Ed Miliband can’t even sort out his accent, so what hope does he have against ‘climate change’? (Photo: PA)
My all-time favourite story from the spot-on news satire website The Daily Mash was the one sending up Alistair Darling’s pitiful attempts to rescue the British economy. Among his brilliant schemes was a plan to breed unicorns and sell them to Chinese millionaires.
“The chancellor would invest public money in up to a dozen unicorn farms across the country churning out thousands of magical horses which would then be vacuum packed and shipped to the Far East.”
“Mr Darling believes that at £250,000 a unicorn the government could have paid back its £120bn of borrowing by the time Star Trek becomes reality.”
So it was with a tremendous sense of deja vu that I heard Energy and Climate Change Secretary Ed Miliband talking on this morning’s Today programme about his radical and costly new measures to tackle “global warming”.

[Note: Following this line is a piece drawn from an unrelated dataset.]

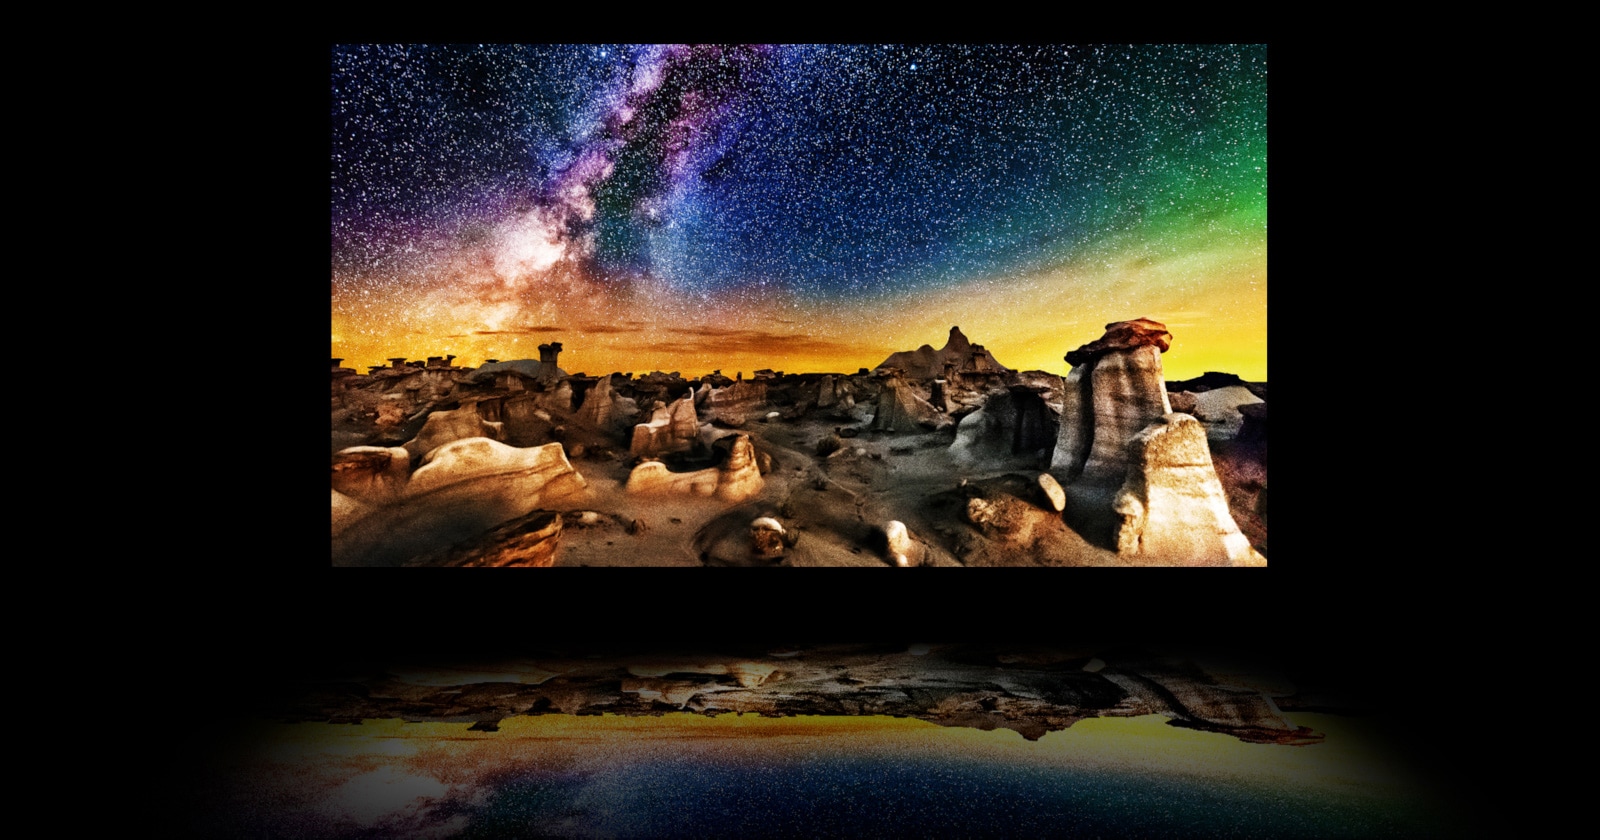 Une vidéo des couches d'un téléviseur avec une photographie de paysage nocturne étoilé sur l'écran OLED principal.  Le rétroéclairage disparaît et le polariseur, le filtre de couleur et l'OLED se combinent pour produire une image si lumineuse qu'elle se reflète sous le téléviseur comme sur l'eau.

There are, of course, many things to loathe about Ed Miliband: his wonky, slightly sinister face like a giant egg with a hedgehog on top; the way he says “sure” all the time; his Estuarial inability to pronounce his final consonants; the fact that there’s not just him but his ruddy brother too; the annoying missing “l” in his surname; but definitely the worst is the drivel this grinning eco loon is allowed to spout, largely unchallenged, on “climate change.”
This morning he claimed that by 2015 the miseries of his strict new energy policy will be partly offset by the creation of 400,000 “green jobs”. Oh really? These would presumably be green jobs not unlike the ones in President Obama’s much-cited windpowered economic miracle Spain, would they? The ones that actually destroy 2.2 other jobs for every green job that is created?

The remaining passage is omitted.